On one hand, this had to happen at some point. I feel the split between ChatGPT vs. Codex wasn't helping OpenAI.

Anthropic did it right from the beginning by unifying everything in the same application. From my perspective, Codex is much better than any other app, but for non-technical users they were still stuck in ChatGPT only, and "nobody" knew about Codex. Anthropic also did it better by putting everything under the "Claude" brand: Claude Code, Claude Cowork, etc. Compared to ChatGPT vs Codex. OpenAI seems to be trying to revert that unwanted split.

With that said, I share the sentiment that it's 100% unclear what's the difference between Codex and Work. Chats now are a second-class citizen of the app. Although the "Attach to task" feature of chats looks useful. Putting "Chats" below the "Tasks" section would have been much better.

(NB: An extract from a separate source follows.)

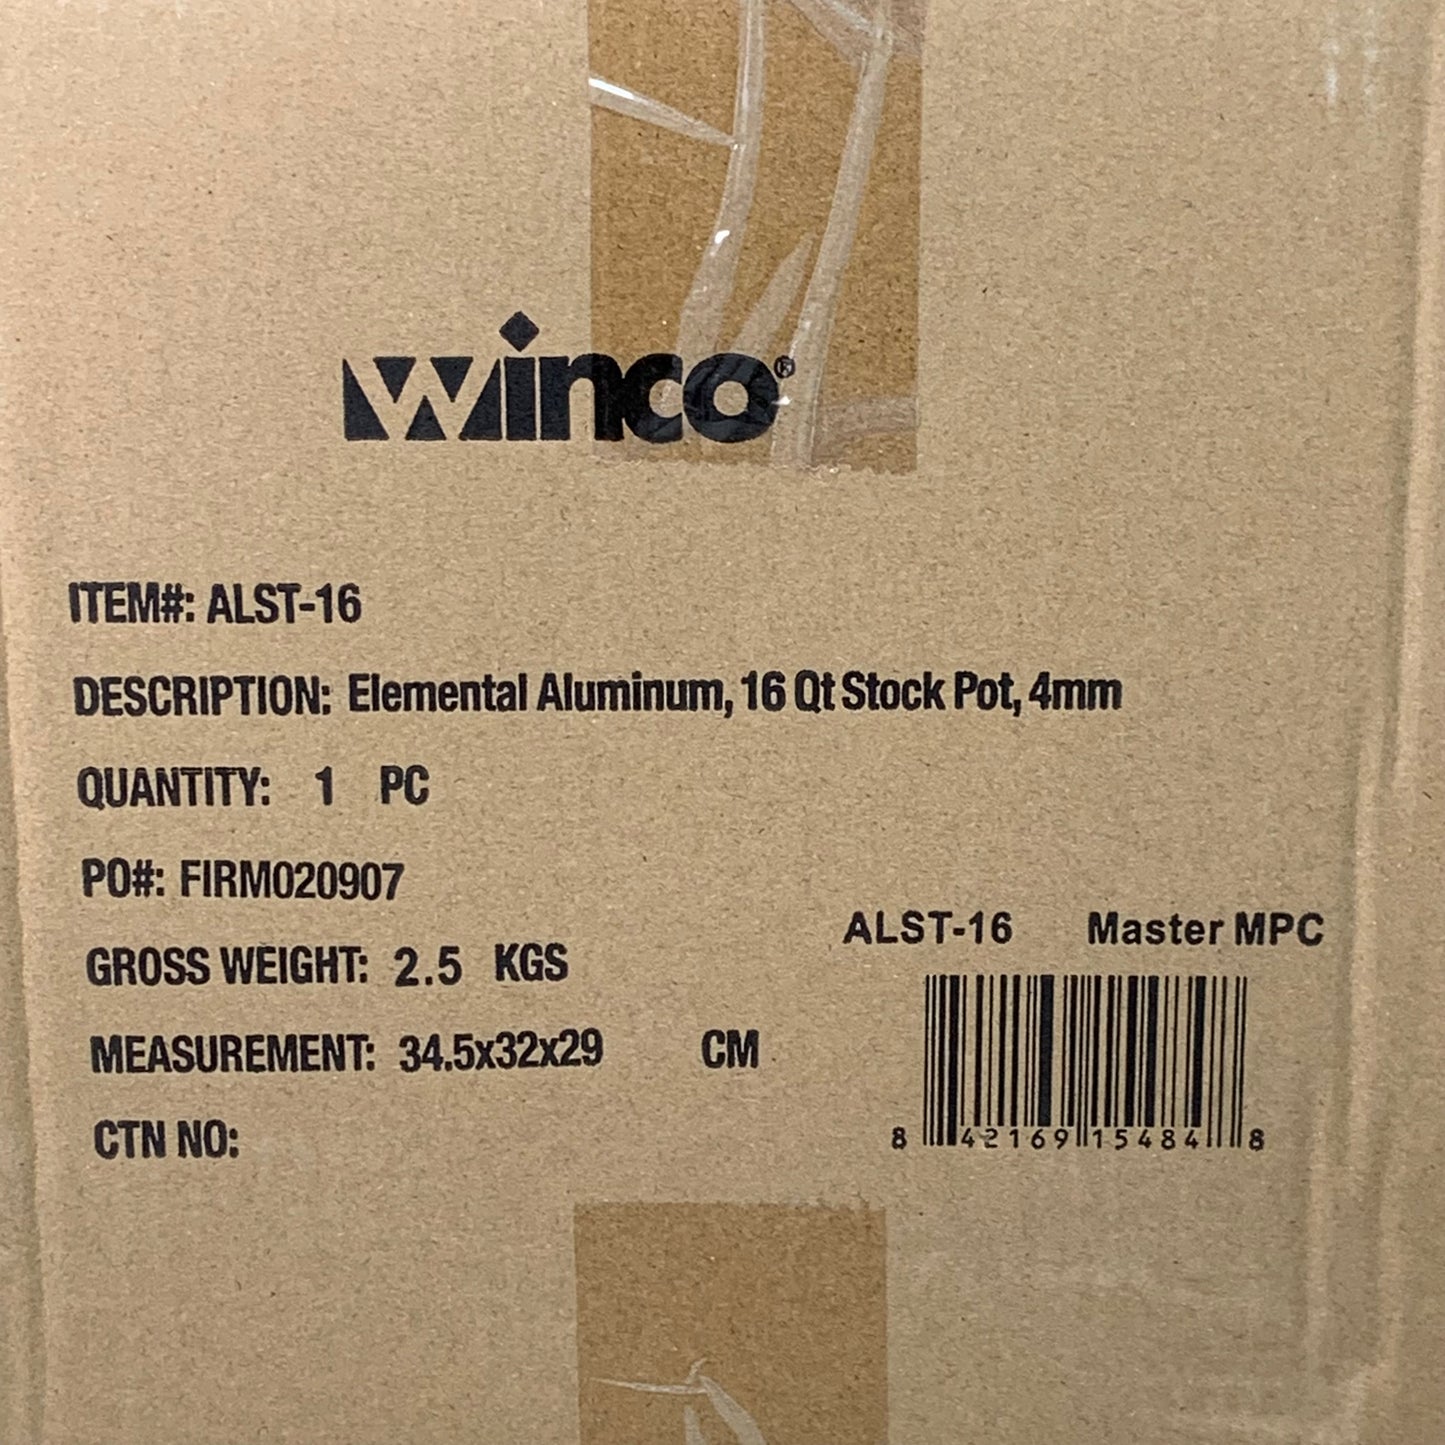 WINCO 16 Qt Elemental Aluminum Stock Pot 4 MM 3/16" Thickness ALST-16

This may end up badly. Most people use ChatGPT just for regular chats, and they are not used to "agentic" interactions. It may take people time to adapt, and you can definitely lose users during that transition.

This also seems to have indirect implications regarding pricing. Codex (and Work) consume credits. Chats were also limited before, but you could mostly use ChatGPT without thinking about it. Now people will inevitably use Codex/Work more, simply because that's what the UI shows them, thus consuming credits. This will force you to keep an eye on credits a lot more.

Others have mentioned that the old ChatGPT can't be installed any more. Only if you had it installed before, it now became ChatGPT Classic. However, you can still add the chatgpt.com page as a Web App. You'll need an internet connection to use it, but the old ChatGPT app wasn't working properly without internet anyway... so the overall experience may not be that different. I'd even say that, to me, the web UI has always felt more polished than the native app.